You feel your nose tingle and burn like bees swarming.  Then the clouds in your eyes open up as the tempest swirls you into the whipping whirlpool of torment and shame. 



You struggle to keep your head above water but the tears drown out any life, any hope till all that’s left is a maelstrom of anger, self-hate and despair spinning you every which way.



You see the world pass you by but all you can do is loose the damn and let the tears rage through the winding river of misery that is your life, your heart and your mind.



There is no use begging for freedom because it will never come.  You’re stuck in your own private Hell as it’s churning and turning tear you apart, crushing the hopes and dreams of a normal life; throwing you into an agony beyond description, beyond the understanding of most people.



So you sit alone, lost in your terrible world wishing for a death you know will never come, striving for a peace you know doesn’t exist but still you wait for the darkness to rip open every scar, every wound as you sink into your cruel existence; yearning for a different reality, longing to stop feeling anything but feeling is all you do.

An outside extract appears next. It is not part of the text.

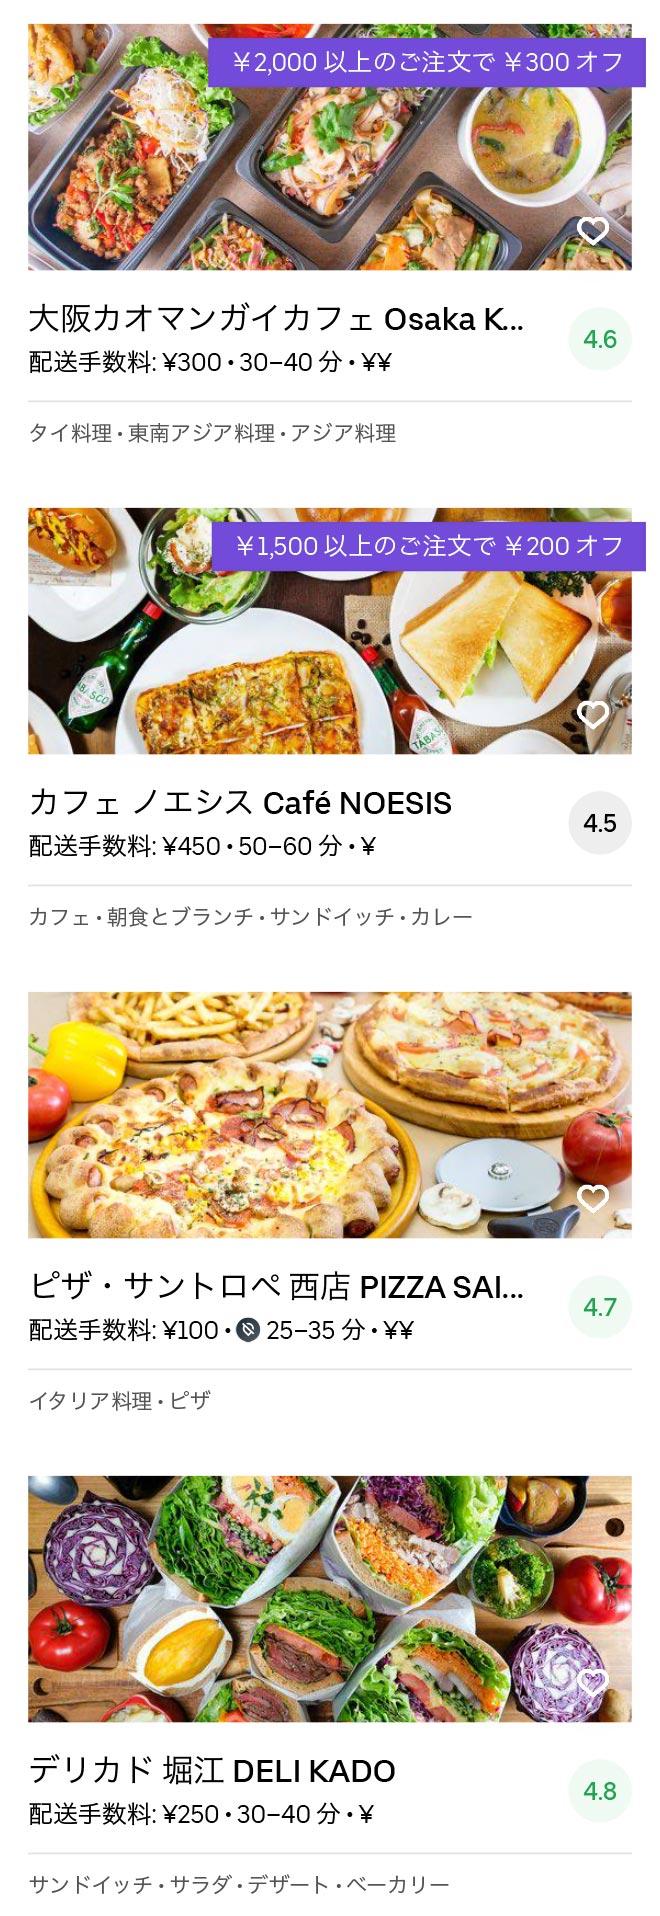 Osaka nishi kujo menu 2005 11

A wish for emptiness feeds a hunger you can’t control, feeds a thirst that will never be quenched.  You are stuck, stuck in the devastation as you’re surrounded by the normal laughter and smiles of the other kids.

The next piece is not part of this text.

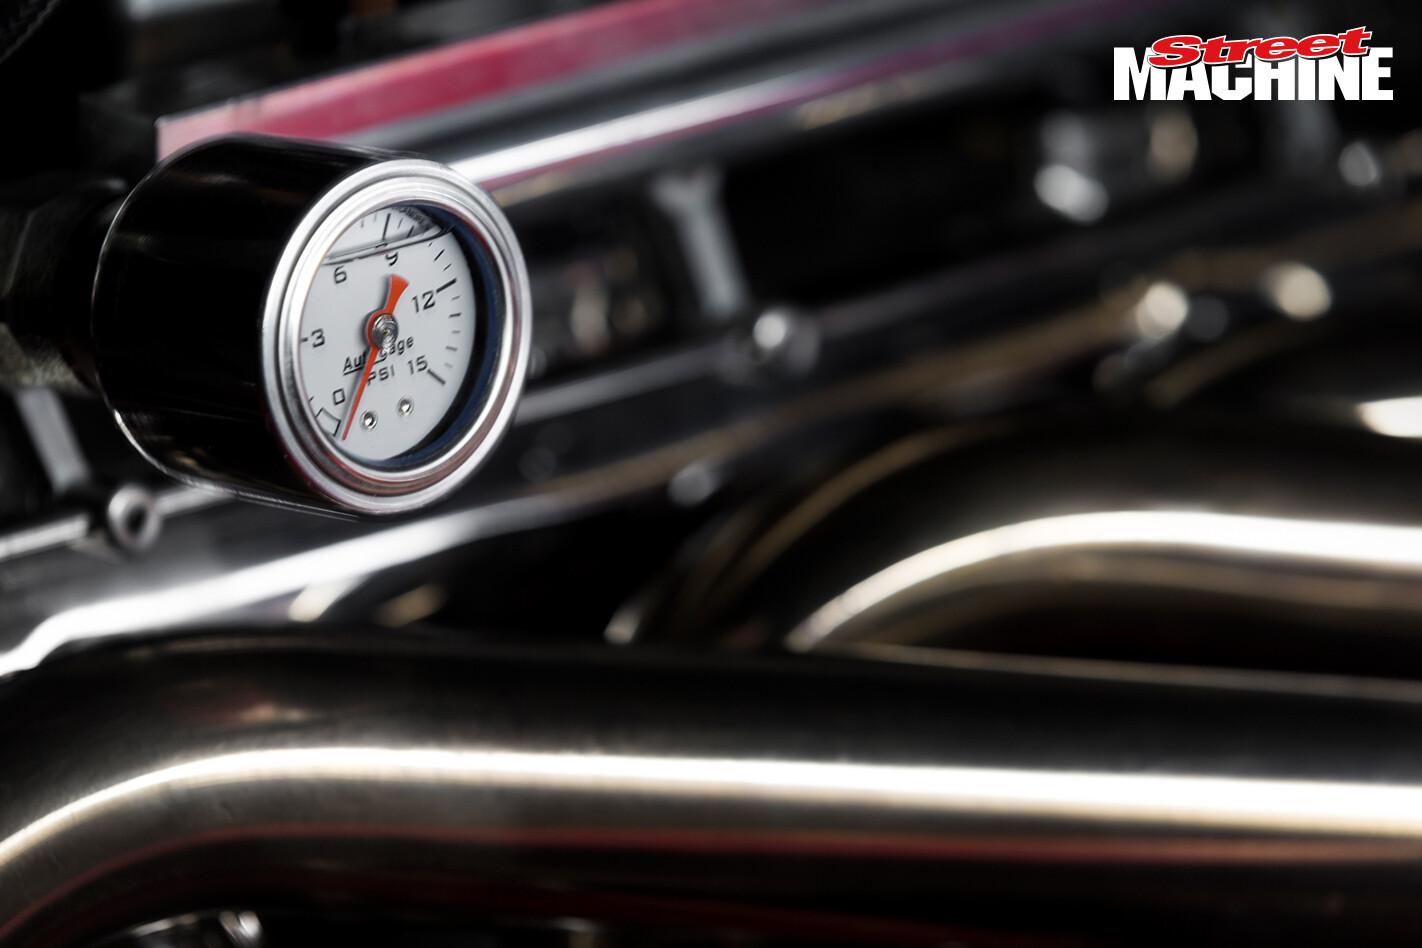 Firechief Fiat Hot Rod 15 Nw Jpg

You sit knowing they are talking about you, laughing at you, calling you stupid because that’s what you call yourself; ugly and stupid.  Your pathetic life is on display for everyone to see. 

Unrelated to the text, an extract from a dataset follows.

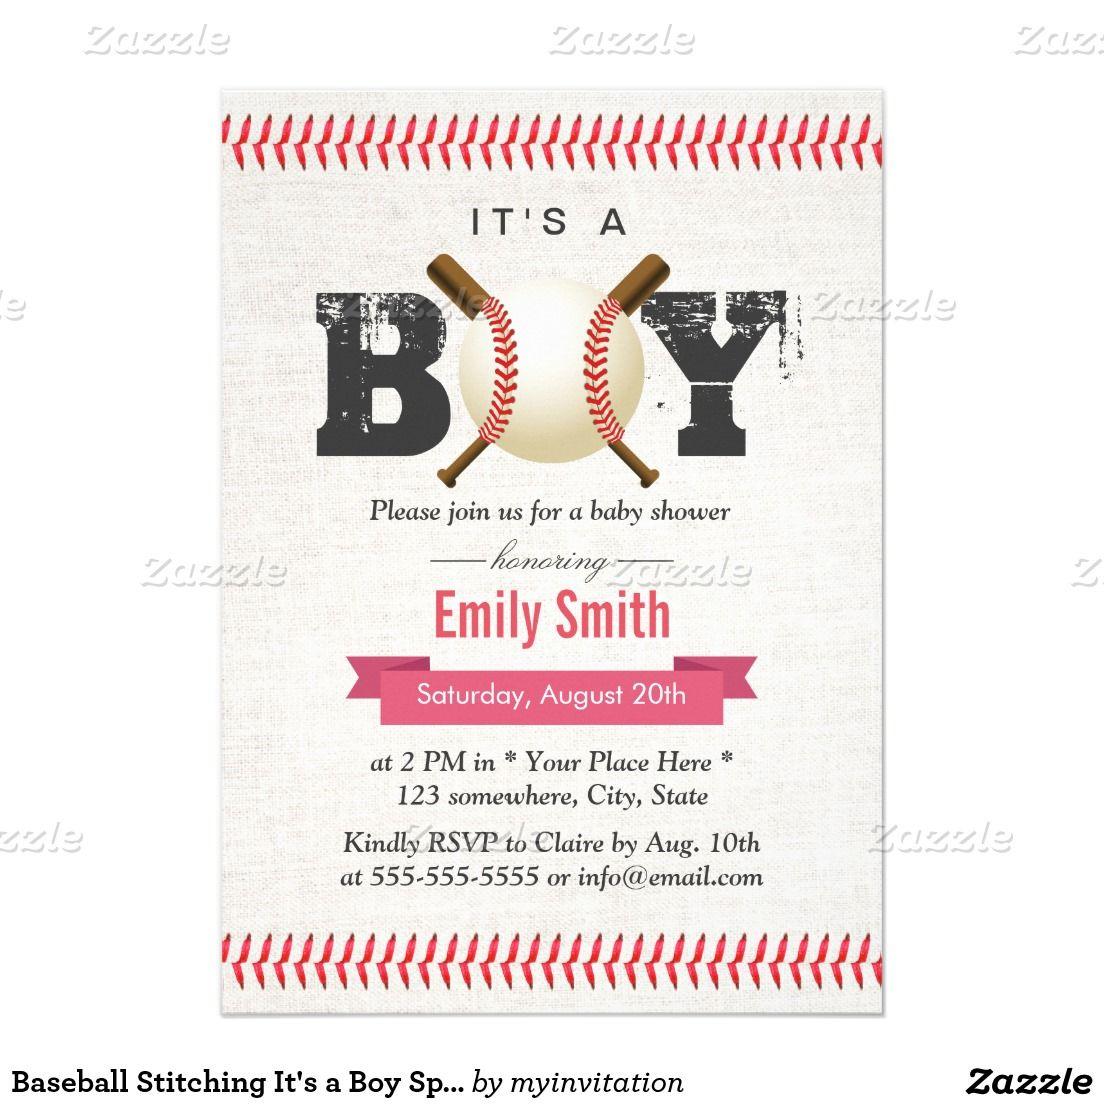 Baseball Stitching It\'s a Boy Sports Baby Shower Invitation   Lil ...

You wish to be invisible without realizing you already are invisible.  No one is looking at you, talking about you because no one cares.  No one sees you.  No one knows you exist. 

You suffer in silence waiting for the day you finally have the strength to end your struggle.  Will that day come?  You want it to come but you know fear and terror of death always stops you. 



You spend your life not living but dying a slow, agonizing, painful death.  No light exists, no hope endures.  Nothing is all you have.  Nothing is all you are.  To truly be nothing is all you want.  

You ache for that nothing as you waste away, slipping deeper into that pit of despair; that pit that eats you alive, devouring everything good, consuming all knowledge; leaving you bewildered, hurt and lonely, so lonely. 



If only you hadn’t been born.  If only you were somebody else.  If only the darkness didn’t exist.  What would a life without pain feel like?  Fear infests you as you wonder about the happiness other people feel.  “I’ve been alone, afraid and in pain for so long.  Could I live without them?  Could I ever be normal or would I collapse under the weight of joy?”



My mind hurts as I think about the damage depression and anxiety causes, especially to a child who is overlooked.  Just remember not all children who suffer from depression and anxiety get into trouble.  Some make good grades and never cause problems until it’s almost too late.  Talk to your kids about how they feel and what they think.  Let them know whatever they feel is OK.  Help them see the light that shines deep inside them.  Let them know there is hope, no matter what, there is hope.